All sources on the internet say Shaq has a hand length of 11-12 inches. So I will go with 11.5. Therefore, his tip to tip would be roughly 13.98, so basically 14 inches. So 5.6 cubes. My estimate was way off(probably because I was 11 when I met him), but my hand size is definitely right. I'm 6 foot 8.5 inches, so I am bounud to have pretty big hands. Plus. it's only half a cube bigger than Lucas.


----------



## Lance Taylor (Jul 3, 2009)

I thought my hands were pretty big, but they span 1/2 a cubie less than lucas' hands do.

Oscar Peterson has big hands. It pisses me off.

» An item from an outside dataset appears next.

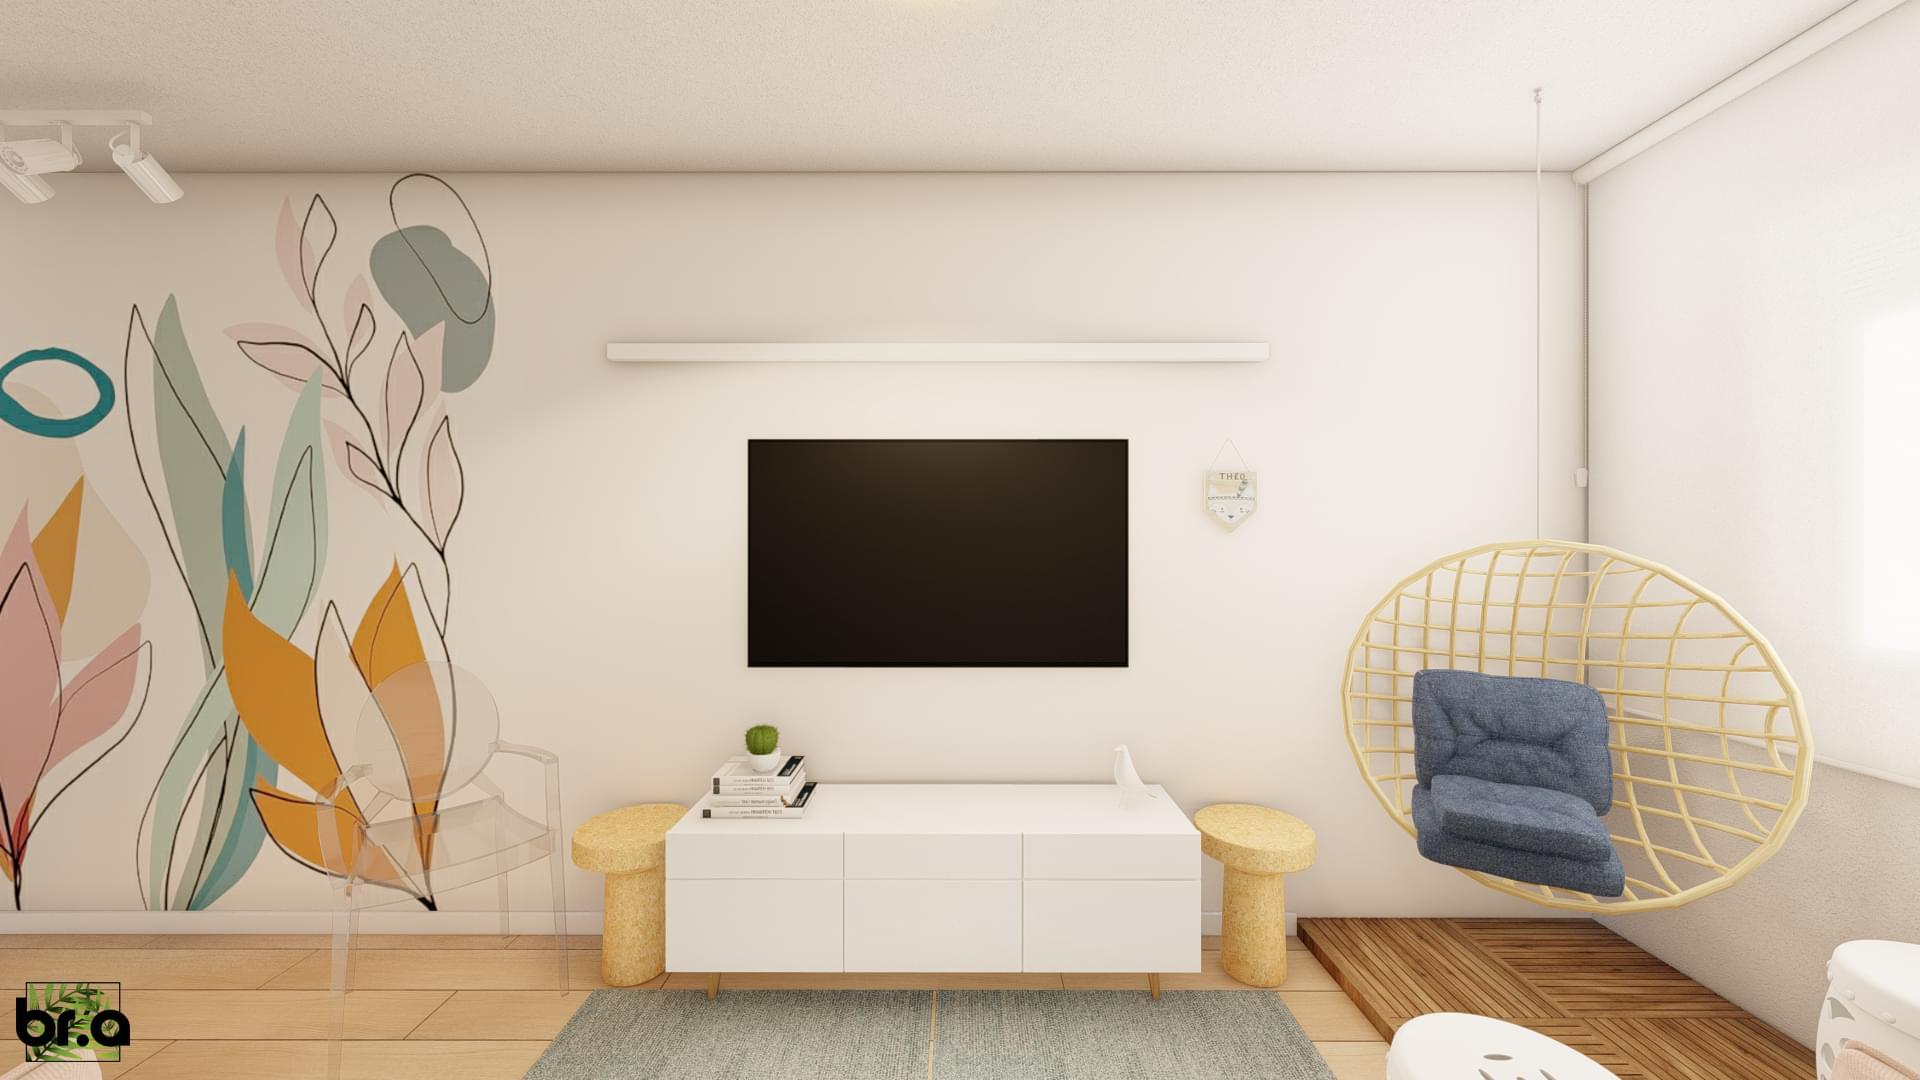 Residencia VP - Brasilidade | Projetos e Obras

But yea, I think big hands are better than small for cubing.. could be wrong though. I know Weston, that your hands are probably much larger than mine. And you know what they say about guys with big hands... 

they wear big gloves!

Yeah, yea I know. cpt.Justice beat me to it. Couldn't resist though.


----------



## anythingtwisty (Jul 4, 2009)

My hand spans 4 and 1/3 cubes, but I'm only 5 foot 8 right now.


----------



## Dene (Jul 4, 2009)

I get three cubes and two cubies. I have small hands, and fat fingers. Not quite optimal for cubing :/


----------



## TMOY (Jul 4, 2009)

mark3 said:


> fanwuq said:
> 
> 
> > 1cube=2.5 inches
> ...


----------



## fanwuq (Jul 4, 2009)

TMOY said:


> mark3 said:
> 
> 
> > 1cube=2.5 inches
> ...



Wrong quote.  I said 1 cube = 5.6 cm

Mark, 
14/2.25 = 6.22.

I still doubt that Shaq's hand is 11.5 in. The WR was 26.9cm, which is around 10.6 in.
Since your proportion is 1.29, while mine is 1.14, I will calculate again using your ratio. 26.9*1.29= 34.7cm. 34.7/5.6= 6.197 cubes. I think Shaq would be slightly smaller than that, so probably around 6 cubes. You also messed up your calculation. 11.5*1.29=14.835, or 6.6 cubes. Your ratio is really crazy!
Now I'm interested in everyone else's ratio of tip of thumb to tip of pinky compared to tip of middle to bottom of palm.


----------



## JLarsen (Jul 4, 2009)

I got 3 and some change. I'm not surprised though I'm small. 5" 5'. I'm 17 by the way hahahahahaha.


----------



## cookingfat (Jul 4, 2009)

I thought I had big hands, they are 4 cubes from thumb to pinky. Lucas you really have big hands, lol. I can't stretch mine in a straight line like that though, it's more like a V shape.


----------



## rahulkadukar (Jul 4, 2009)

Mine cover three cubes a two 3x3x3 and a 4x4x4 ES. That is small.

Lucas nice pic and man you do have large hands


----------



## lotsofsocks (Jul 8, 2009)

I can oly cover two cubes...but im only 13 yrs. old...


----------



## JTW2007 (Jul 8, 2009)

I get 3 and a half.


----------



## rahulkadukar (Jul 8, 2009)

JTW2007 said:


> I get 3 and a half.



Same here 

How old are you? I am 22


----------



## rachmaninovian (Jul 8, 2009)

TMOY said:


> nitrocan said:
> 
> 
> > Rachmaninoff's hands were pretty big.
> ...



damn me has small hands at 6.5 inches span from thumb to pinky...i can only comfortably play 9ths but i can force a 10...
damn rachmaninoff...

anyone knows how big qqwref's hands are?


----------